6. The following inequality holds: $$\begin{array}{cc}\Vert f\cdot g{\Vert }_{{}_{BV(\mathbf{R})}}\le 4\Vert f{\Vert }_{{}_{BV(\mathbf{R})}}\Vert g{\Vert }_{{}_{BV(\mathbf{R})}},\hfill & f,g\in BV(\mathbf{R}).\hfill \end{array}$$

3. Variation of a function defined on more general sets

Our objective in this section is to define the variation of functions whose domain is a more general set $\sigma .$ For which we have restricted ourselves to compact and convex sets.

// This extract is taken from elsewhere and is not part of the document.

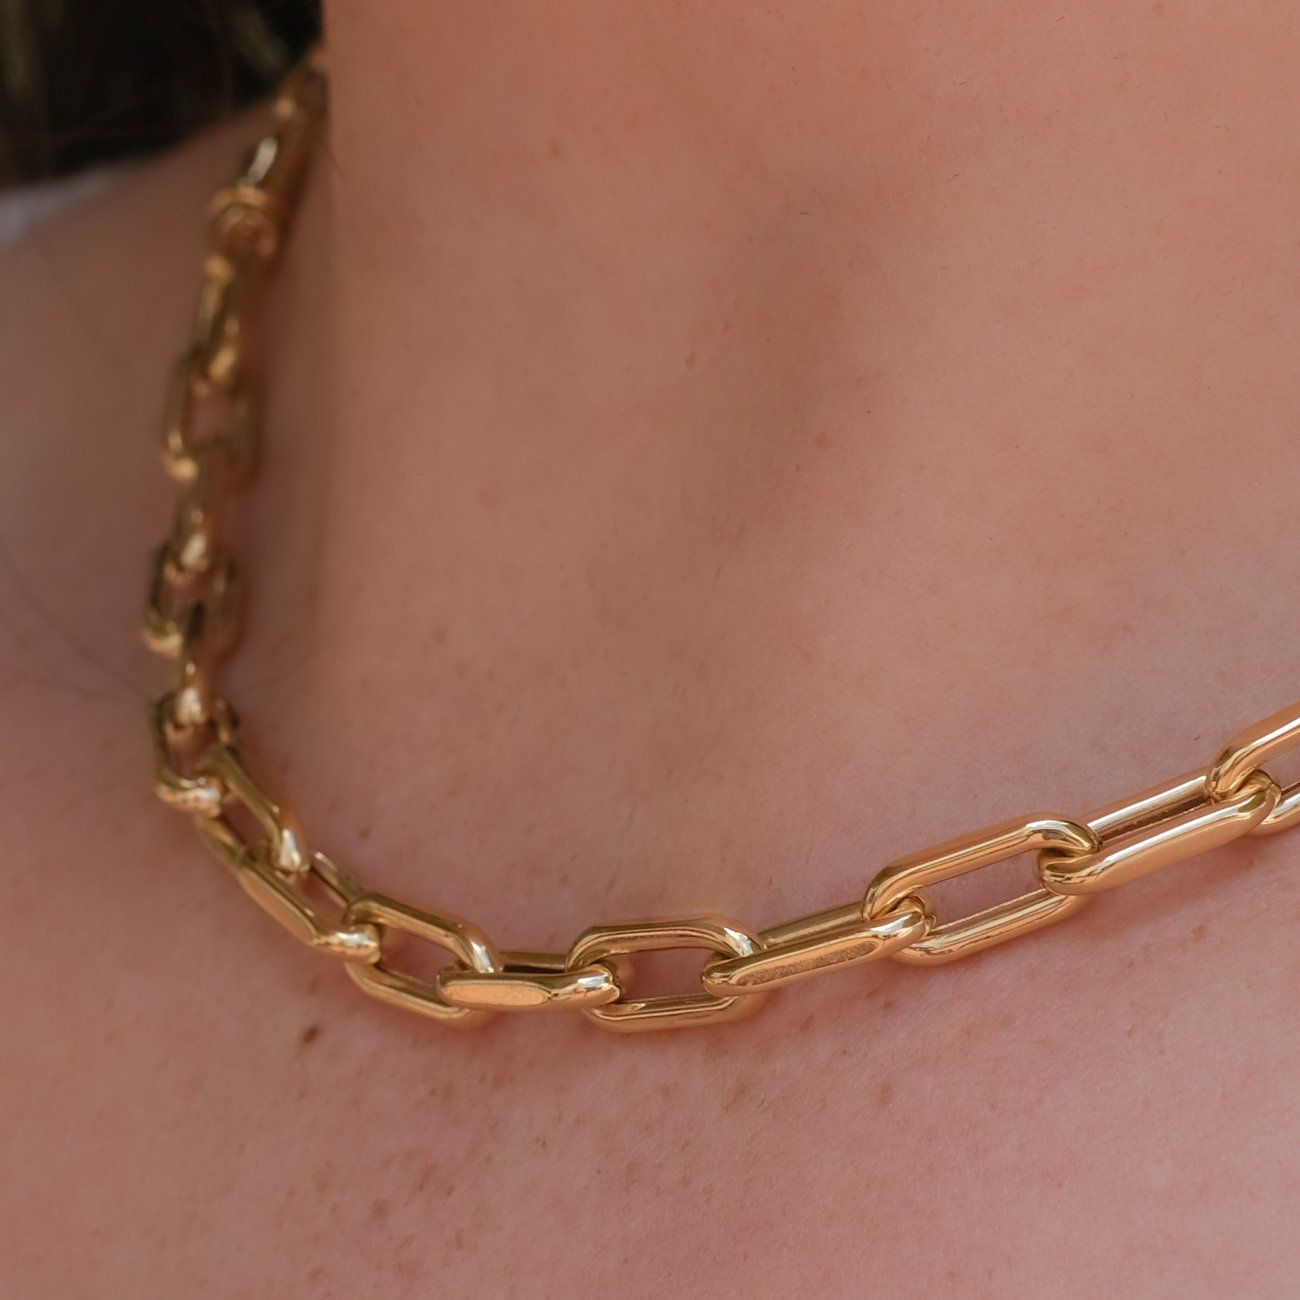 Santana Long Link Chain Necklace Necklaces Princess Bride Diamonds

Let $\sigma$ be a compact and convex set in the plane, we will restrict ourselves to rectangle $\mathbf{R}=[a,b]\times [c,d],$ which is the smallest rectangle that contains $\sigma .$ Note also that if we consider a finite number of points in $\sigma ,$ they determine partitions $\xi$ and $\eta$ in the intervals [a, b] and [c, d] respectively.

When we are working on a rectangle in the plane the total variation is found by adding three variations, the first two corresponding to a variation of only one variable, but just on two of the edges of the rectangle where the variation of the function is being studied. In our case, to replicate this we make some preliminary considerations, let’s see.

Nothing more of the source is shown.